Pros of allowing performance-enhancing drugs in sports:

  1. Improved performance: Performance-enhancing drugs can enhance an athlete’s physical abilities and potentially lead to better performance.
  2. Fairness: If all athletes are allowed to use performance-enhancing drugs, it creates a level playing field where everyone has access to the same enhancements.
  3. Increased excitement: The use of performance-enhancing drugs can potentially lead to more exciting and impressive athletic performances, which may draw in larger crowds and increase interest in the sport.

Cons of allowing performance-enhancing drugs in sports:

  1. Health risks: Many performance-enhancing drugs have serious health risks and side effects, which can be detrimental to the athlete’s long-term health and well-being.
  2. Unfair advantage: Allowing some athletes to use performance-enhancing drugs gives them an unfair advantage over athletes who do not use them, which can undermine the integrity of the sport.
  3. Ethical concerns: The use of performance-enhancing drugs is often viewed as unethical and goes against the spirit of fair play and competition in sports.
  4. Pressure to use: Allowing performance-enhancing drugs may create a culture of pressure and expectation for athletes to use them in order to keep up with their competitors, even if they are uncomfortable with the idea.

Overall, there are valid arguments for both sides of the debate regarding the use of performance-enhancing drugs in sports. However, it is important to prioritize the health and well-being of athletes and maintain the integrity and fairness of the sport. As a result, the use of performance-enhancing drugs is generally not allowed in competitive sports, and athletes who use them may face severe consequences.

FAQs on Doping Test

  1. Q: What is a doping test?

    A: A doping test is a type of drug test that is used to detect the presence of banned substances in an athlete’s body.

  2. Q: What substances are tested for in a doping test?

    A: Doping tests are designed to detect a wide range of banned substances, including anabolic steroids, stimulants, and blood doping agents.

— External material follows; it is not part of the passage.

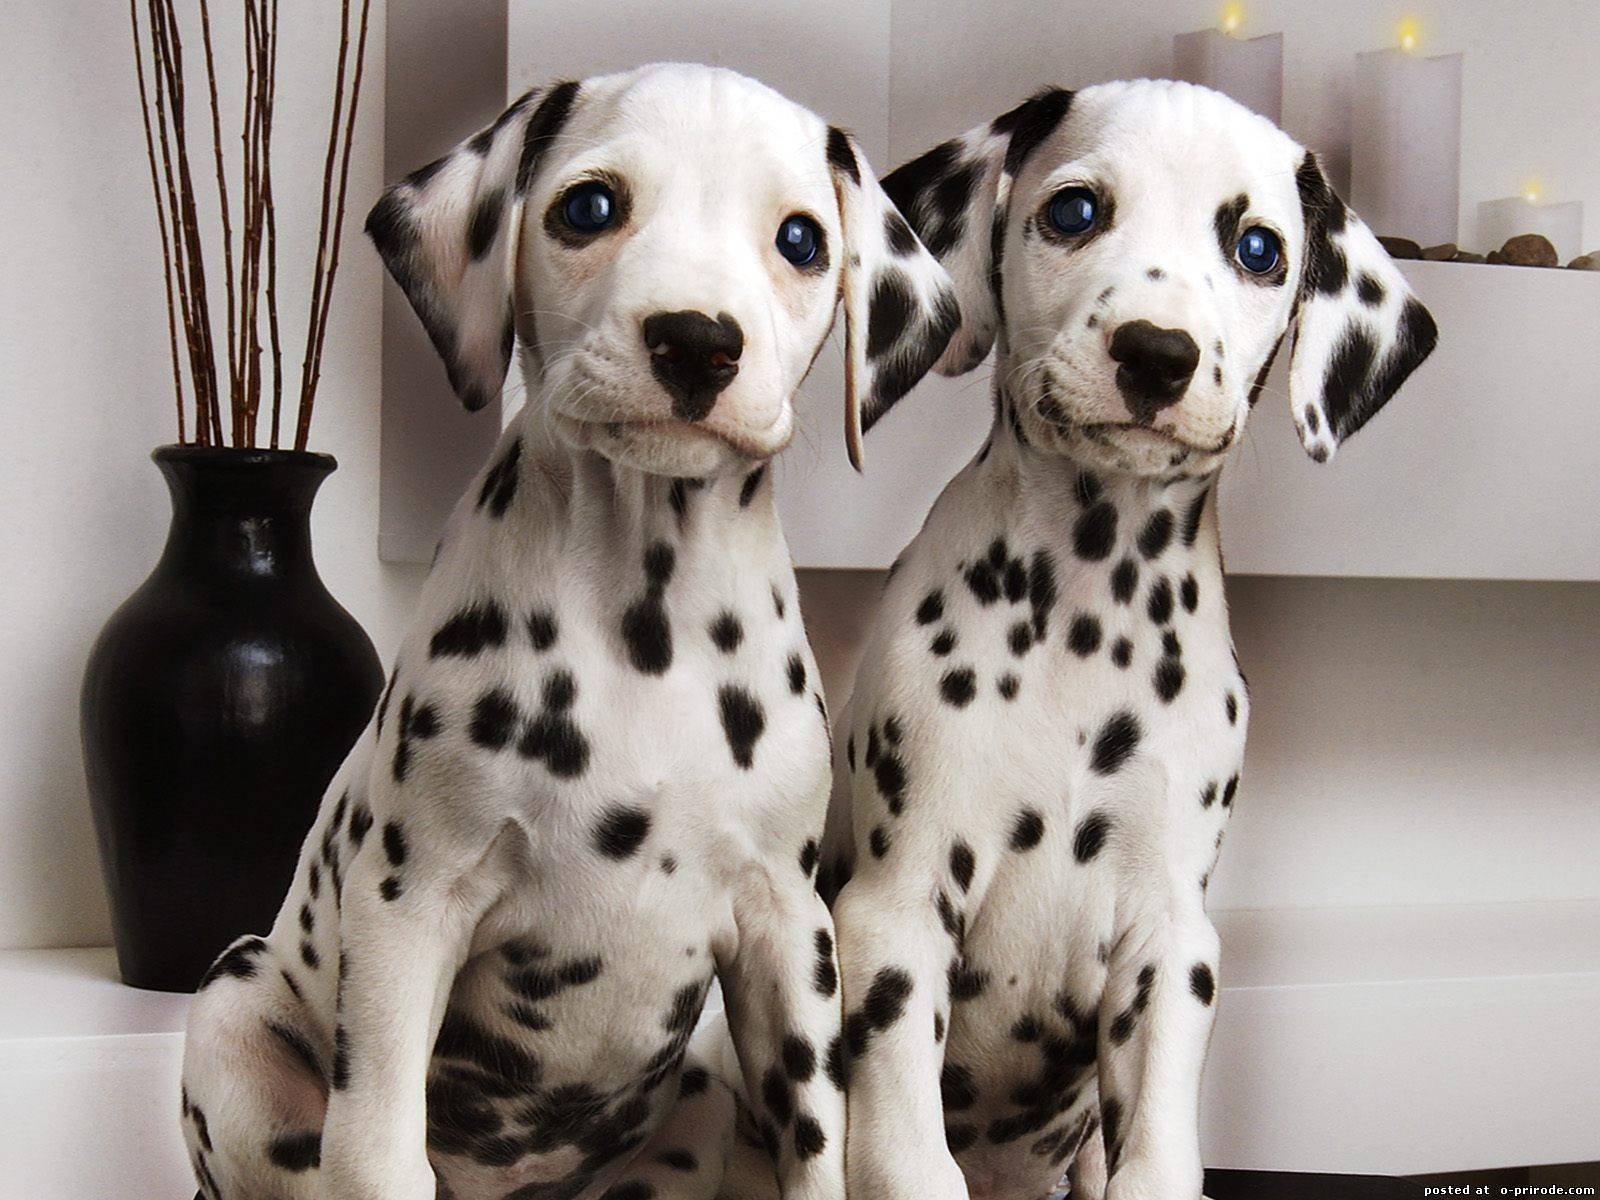 Cute Dalmatian Puppies wallpapers and images

  3. Q: How is a doping test conducted?

    A: A doping test usually involves the athlete providing a urine or blood sample, which is then analyzed for the presence of banned substances in a certified laboratory.

  4. Q: When are doping tests conducted?

    A: Doping tests can be conducted at any time, including during competition and during training periods.

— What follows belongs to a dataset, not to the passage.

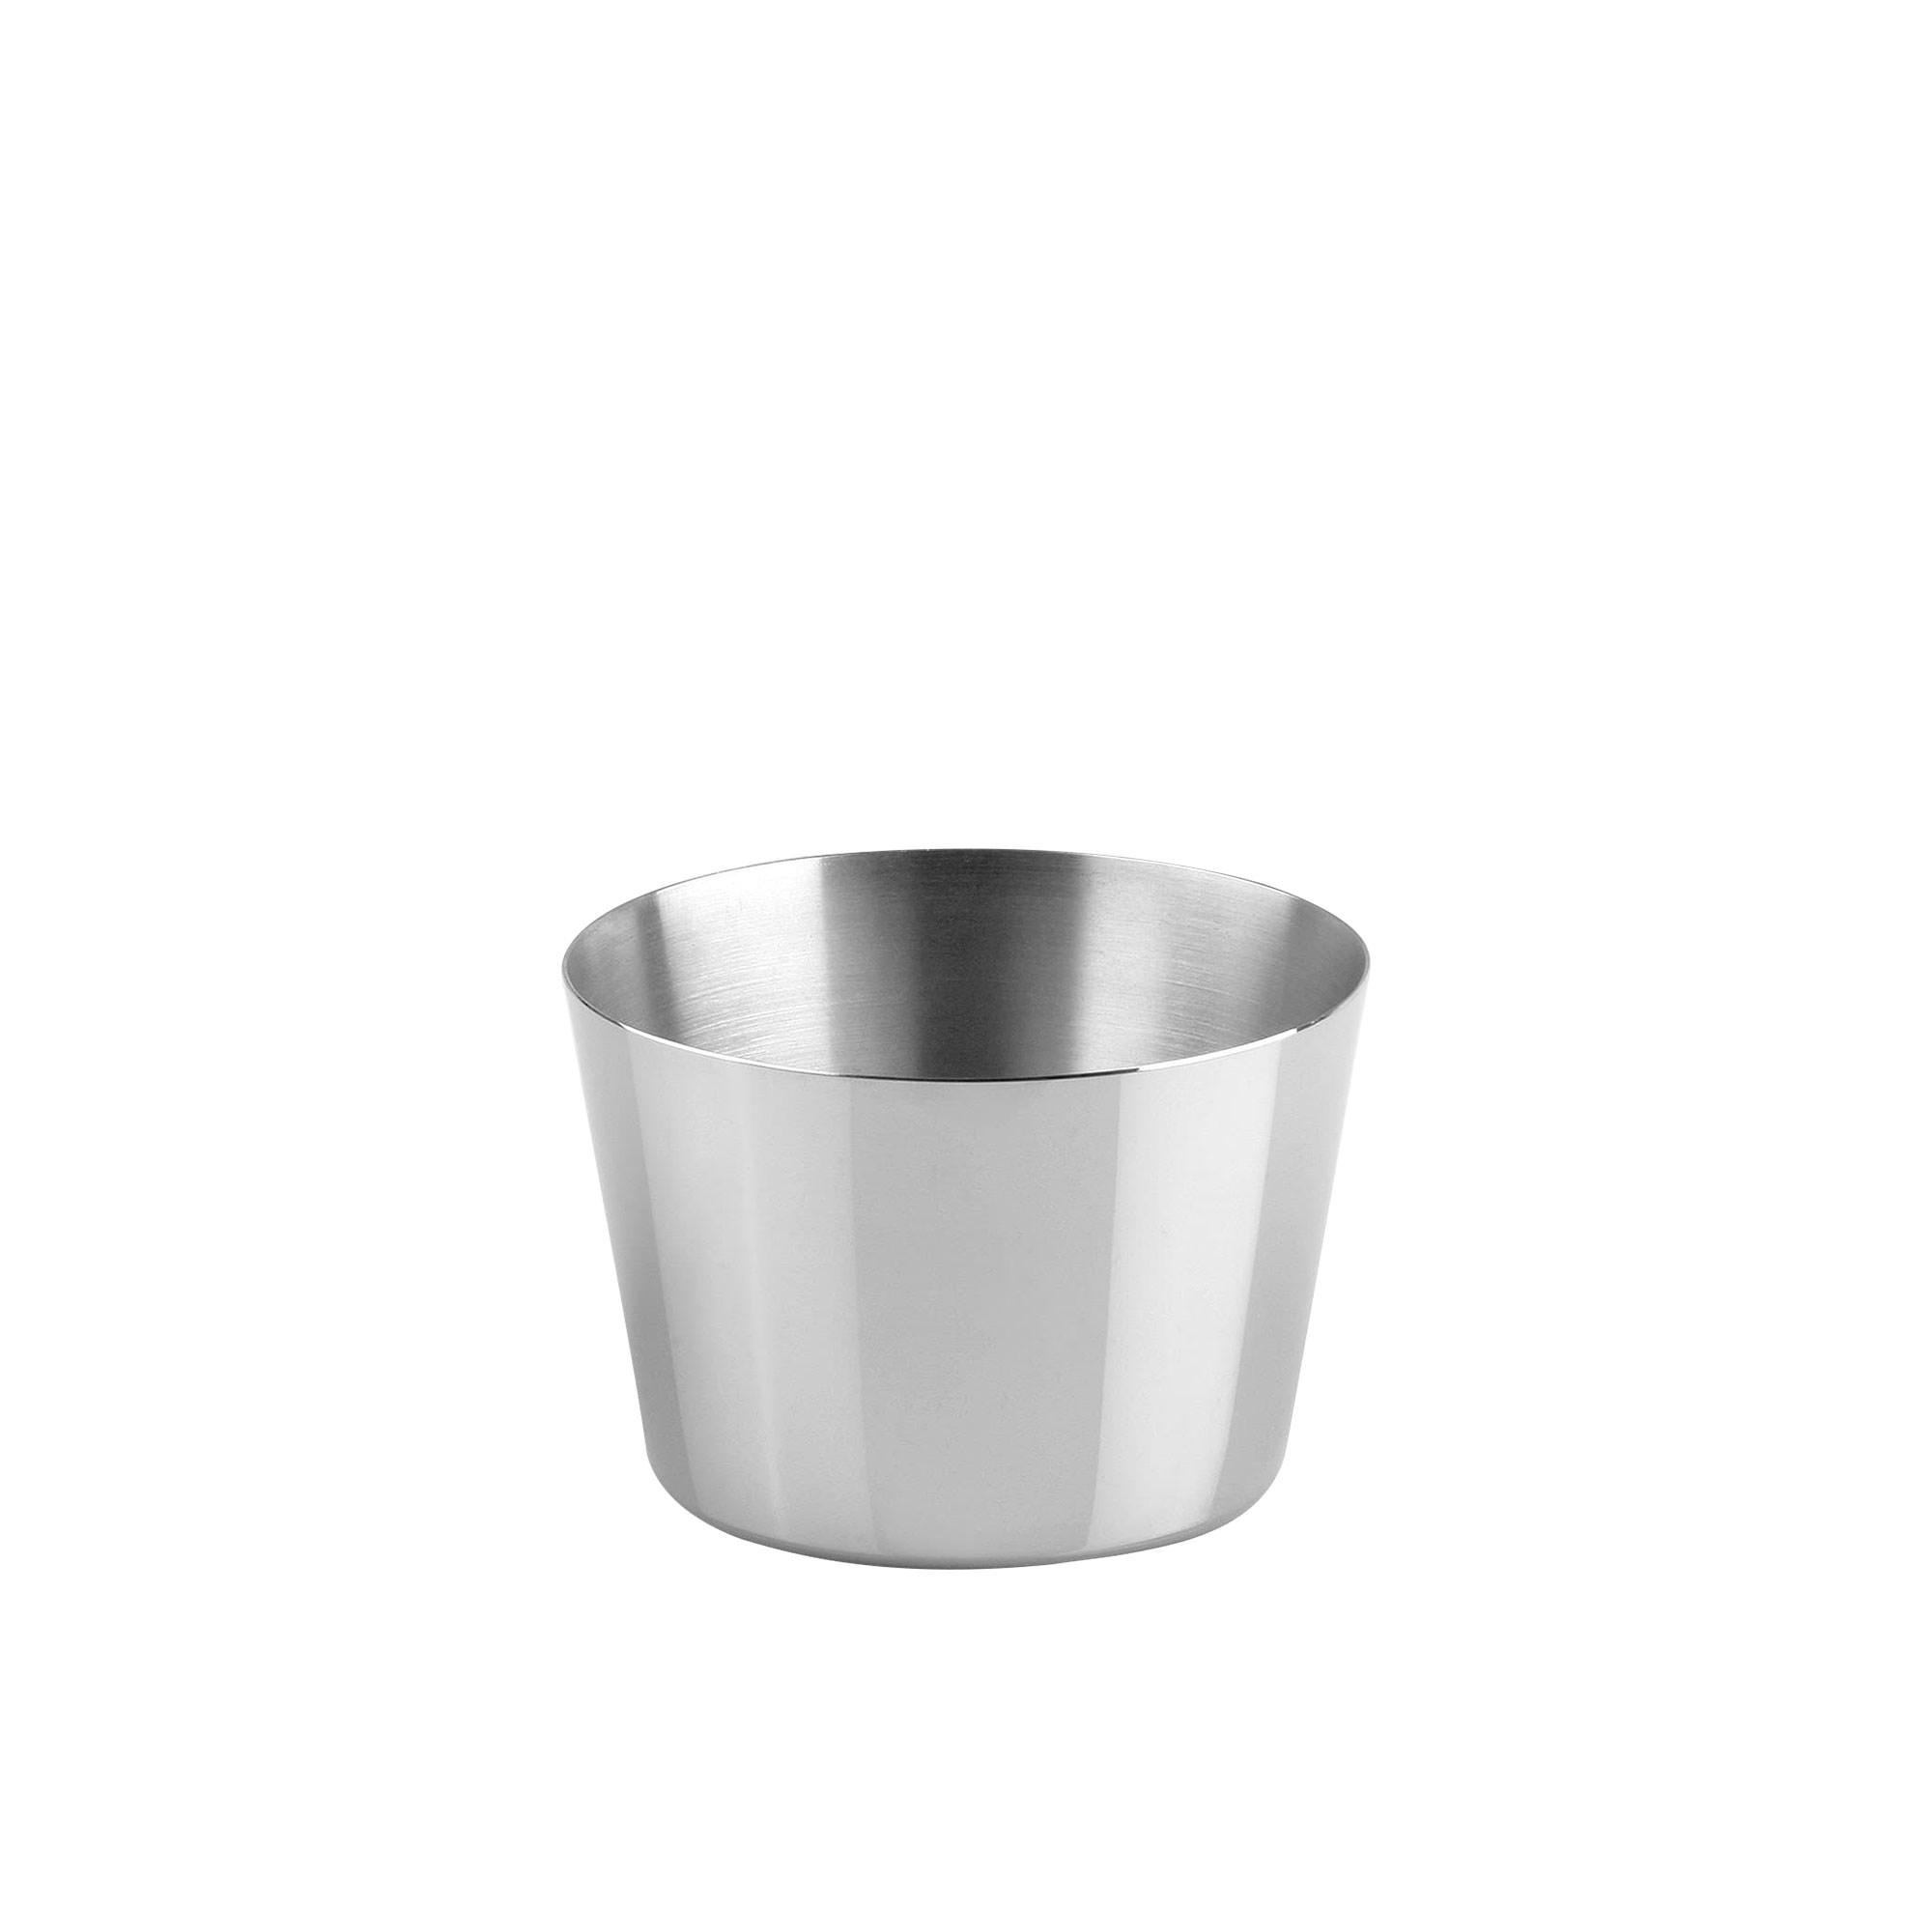 Chef Inox Stainless Steel Pudding Mould 7.5cm Image 1

  5. Q: What happens if an athlete fails a doping test?

    A: If an athlete fails a doping test, they may face sanctions such as disqualification, suspension, or fines. The severity of the sanctions depends on the specific sport and the nature of the violation.

  6. Q: How accurate are doping tests?

    A: Doping tests are generally considered to be very accurate, with a low rate of false positives or false negatives.

  7. Q: Can an athlete challenge the results of a doping test?

    A: Yes, athletes have the right to challenge the results of a doping test and can request a hearing to present their case.

  8. Q: Who is responsible for conducting doping tests?

    A: Doping tests are usually conducted by the relevant sports organization or governing body, often in conjunction with national anti-doping agencies.